Source data START

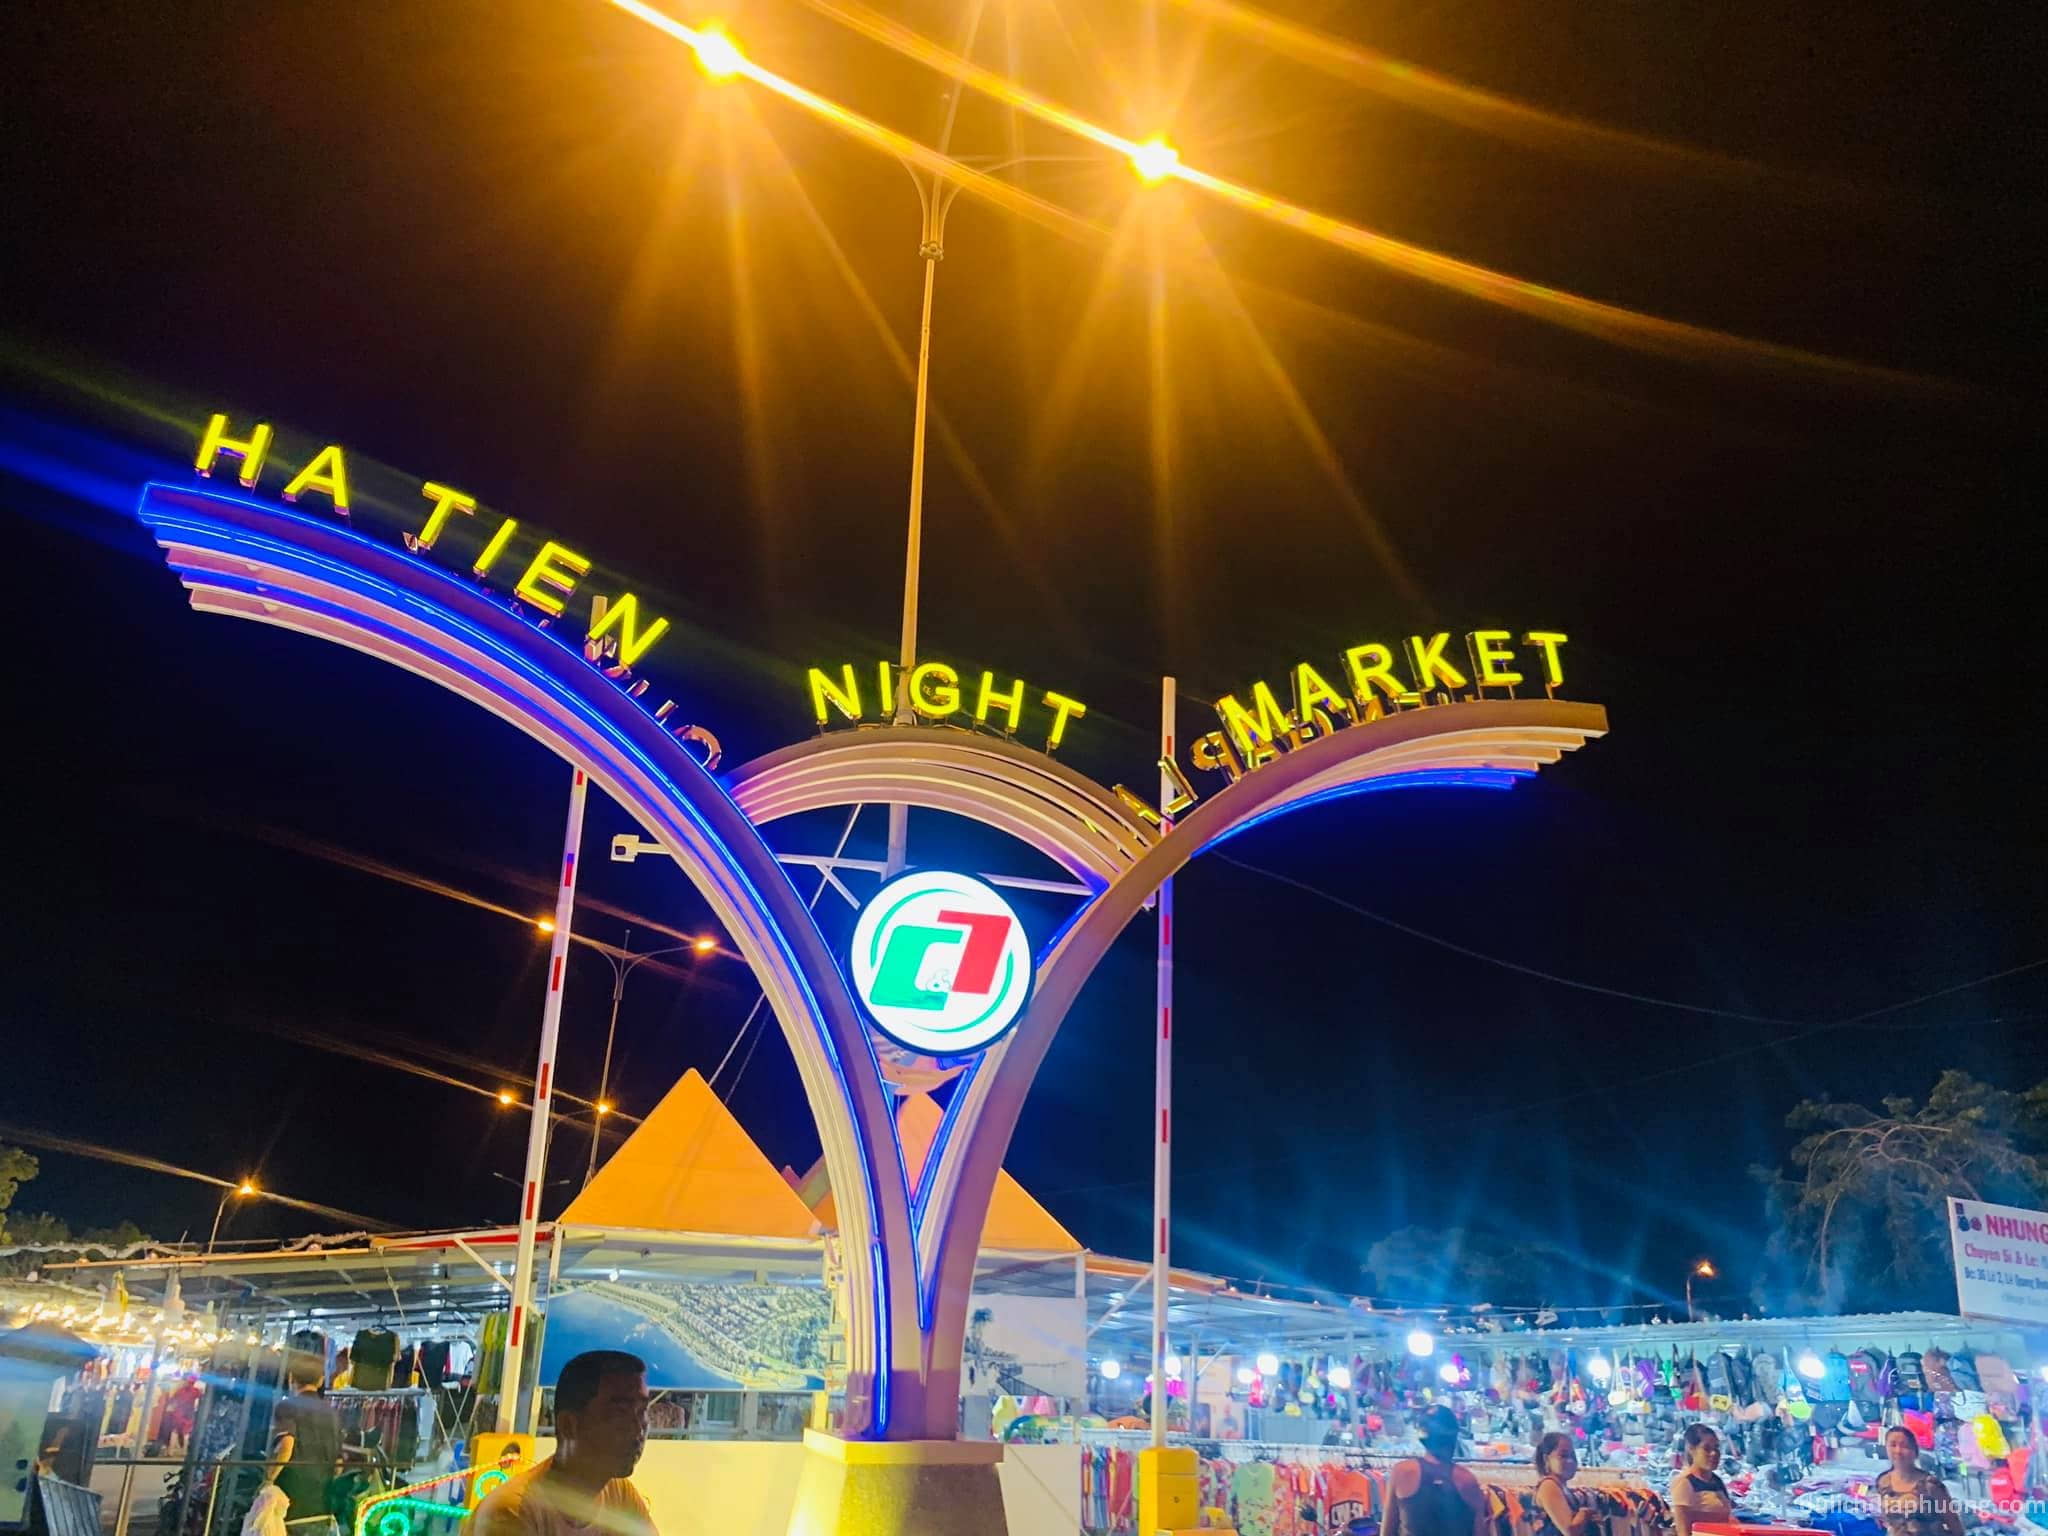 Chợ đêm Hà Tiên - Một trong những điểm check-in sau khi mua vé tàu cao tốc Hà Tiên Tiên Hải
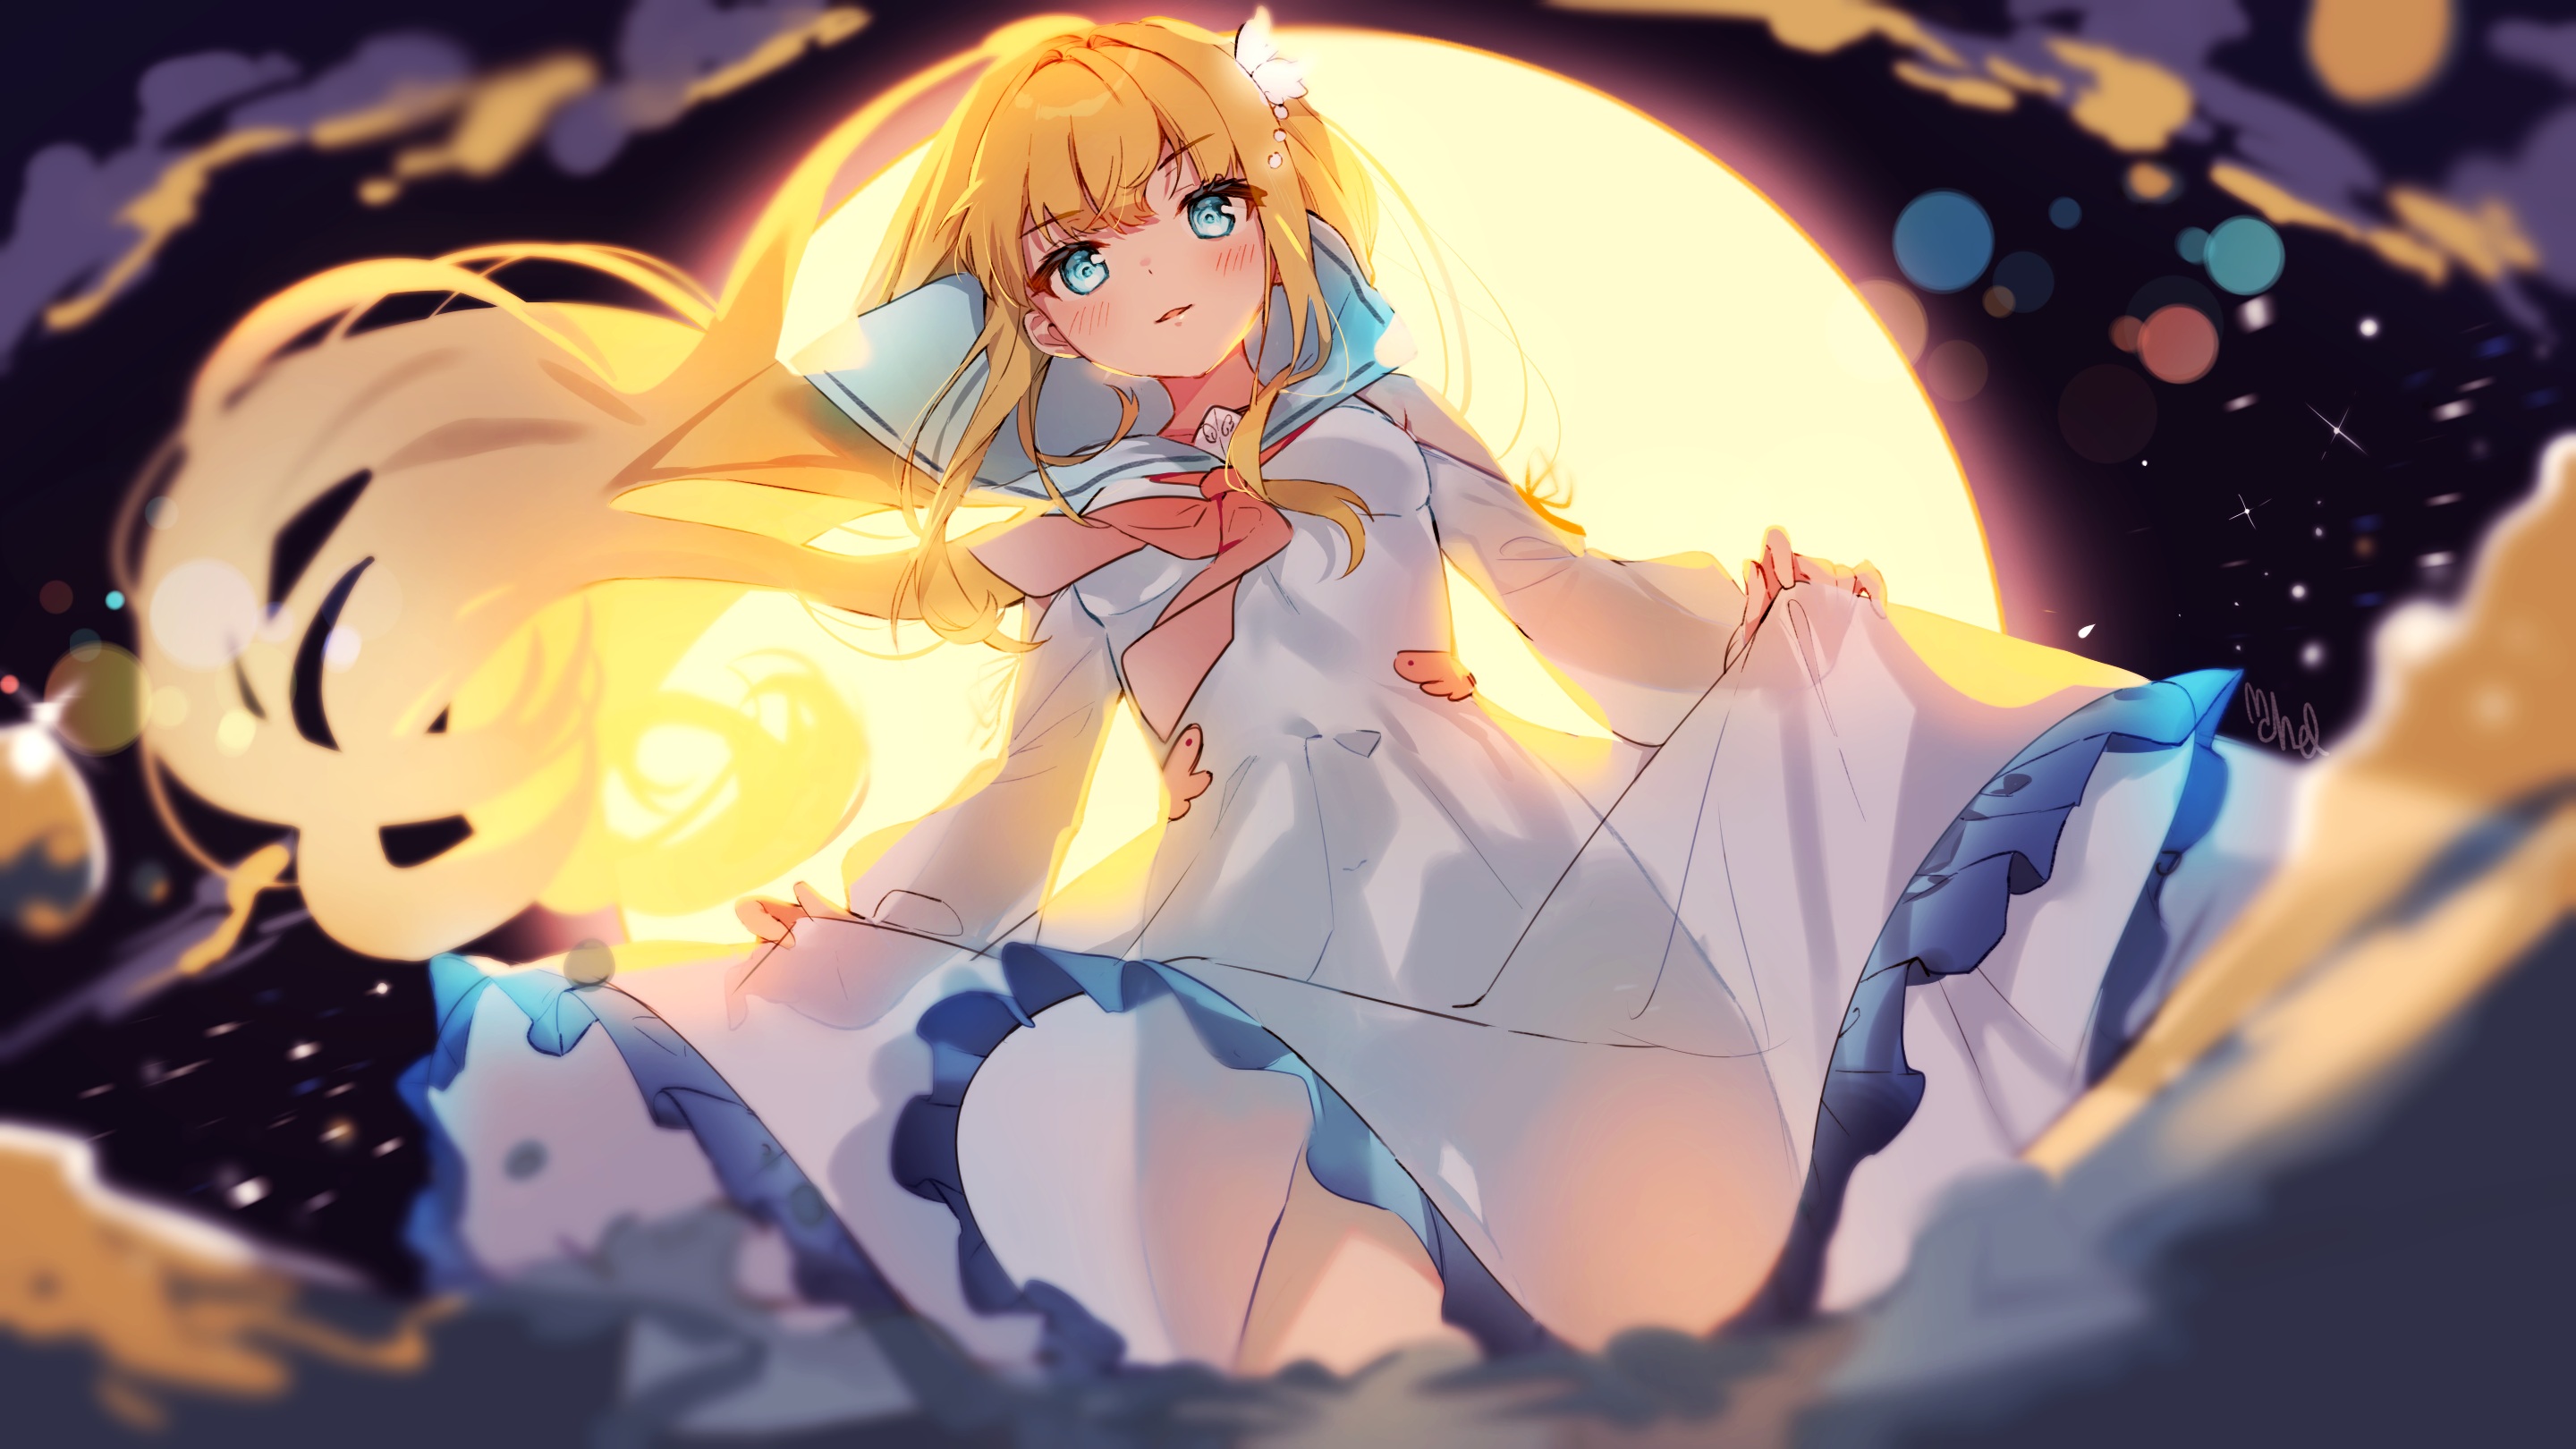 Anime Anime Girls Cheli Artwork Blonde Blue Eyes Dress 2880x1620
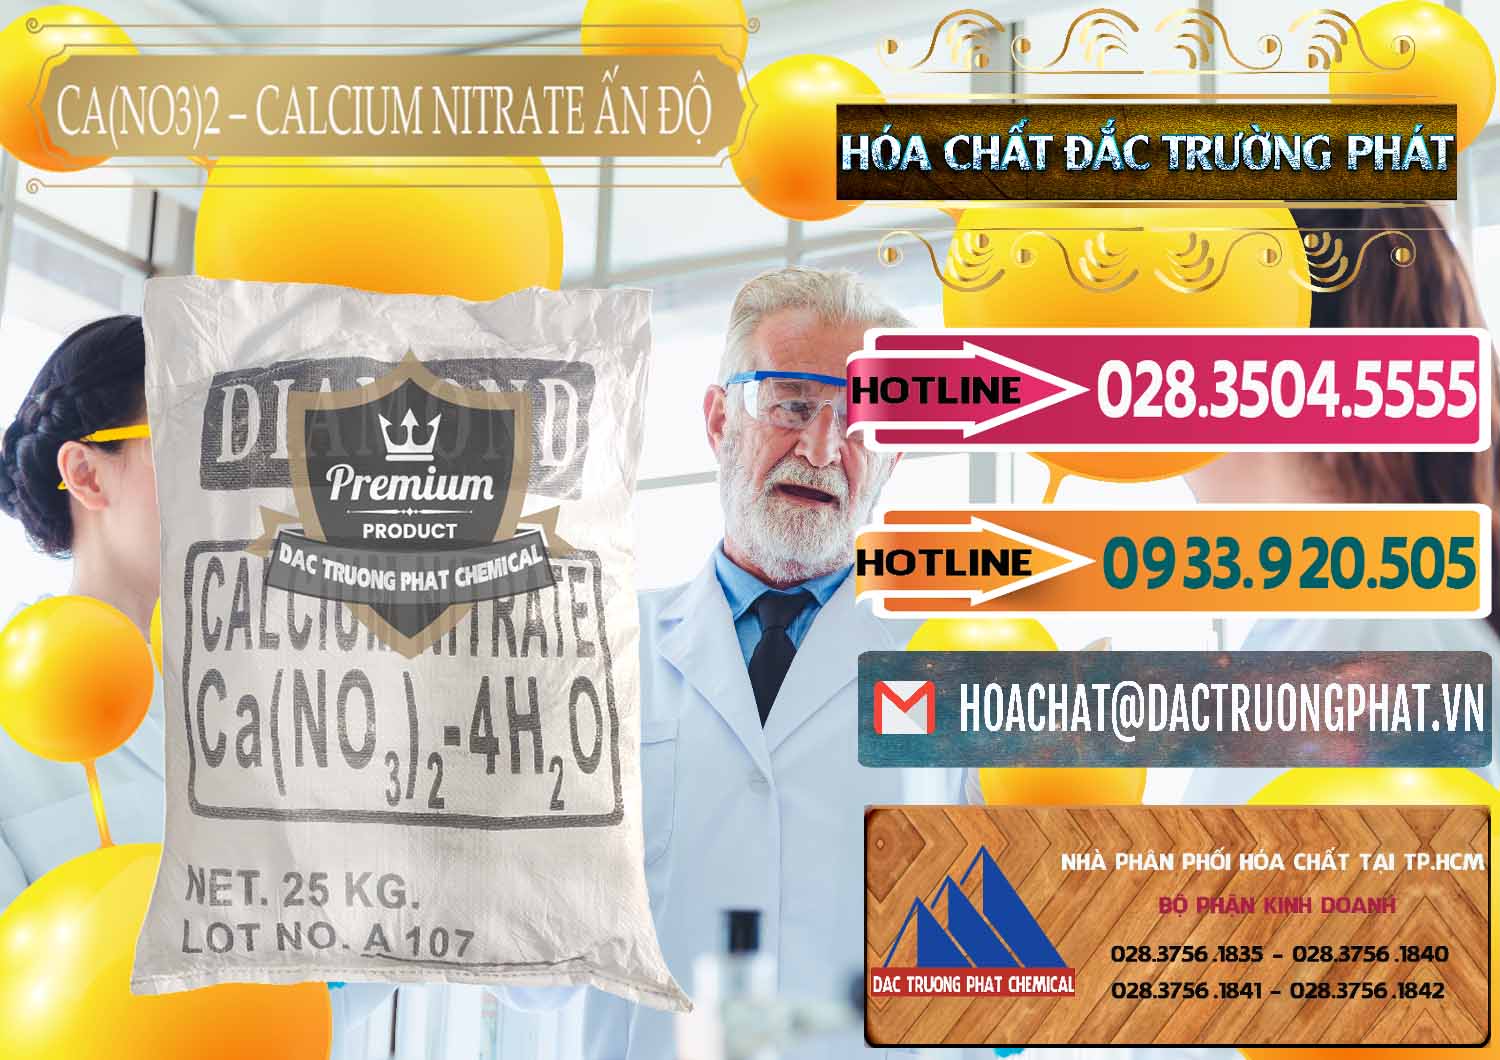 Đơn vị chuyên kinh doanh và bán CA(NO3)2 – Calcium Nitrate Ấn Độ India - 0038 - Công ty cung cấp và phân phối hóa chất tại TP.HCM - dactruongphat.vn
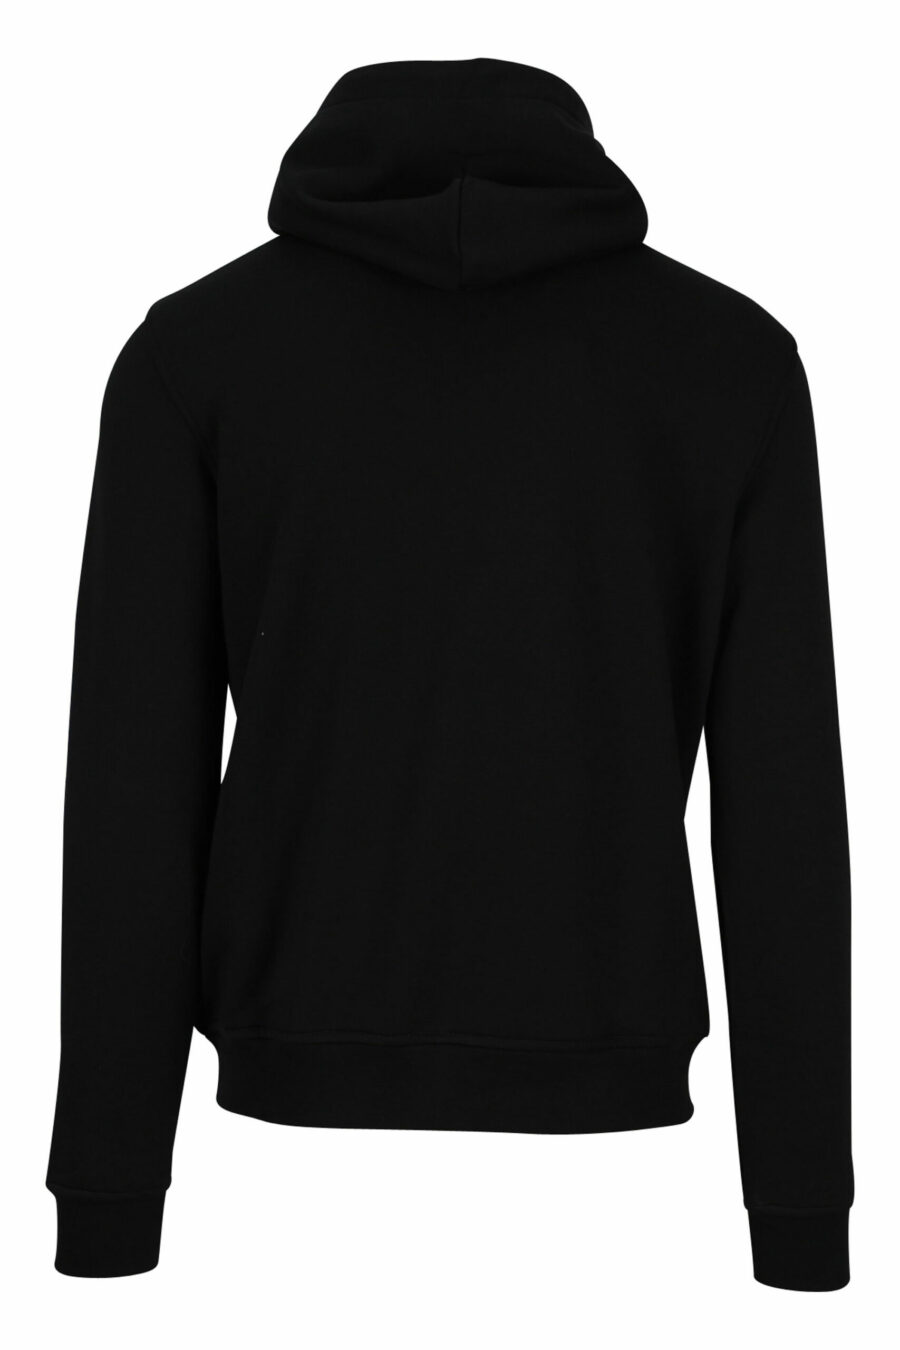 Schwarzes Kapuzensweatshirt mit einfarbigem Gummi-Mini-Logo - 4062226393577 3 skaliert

Source data END

* _How to complete this task_
Copy the material above exactly and drop the pictures.

* _Exercise answer_
 Chợ đêm Hà Tiên - Một trong những điểm check-in sau khi mua vé tàu cao tốc Hà Tiên Tiên Hải
 Anime Anime Girls Cheli Artwork Blonde Blue Eyes Dress 2880x1620
 Đơn vị chuyên kinh doanh và bán CA(NO3)2 – Calcium Nitrate Ấn Độ India - 0038 - Công ty cung cấp và phân phối hóa chất tại TP.HCM - dactruongphat.vn
 Schwarzes Kapuzensweatshirt mit einfarbigem Gummi-Mini-Logo - 4062226393577 3 skaliert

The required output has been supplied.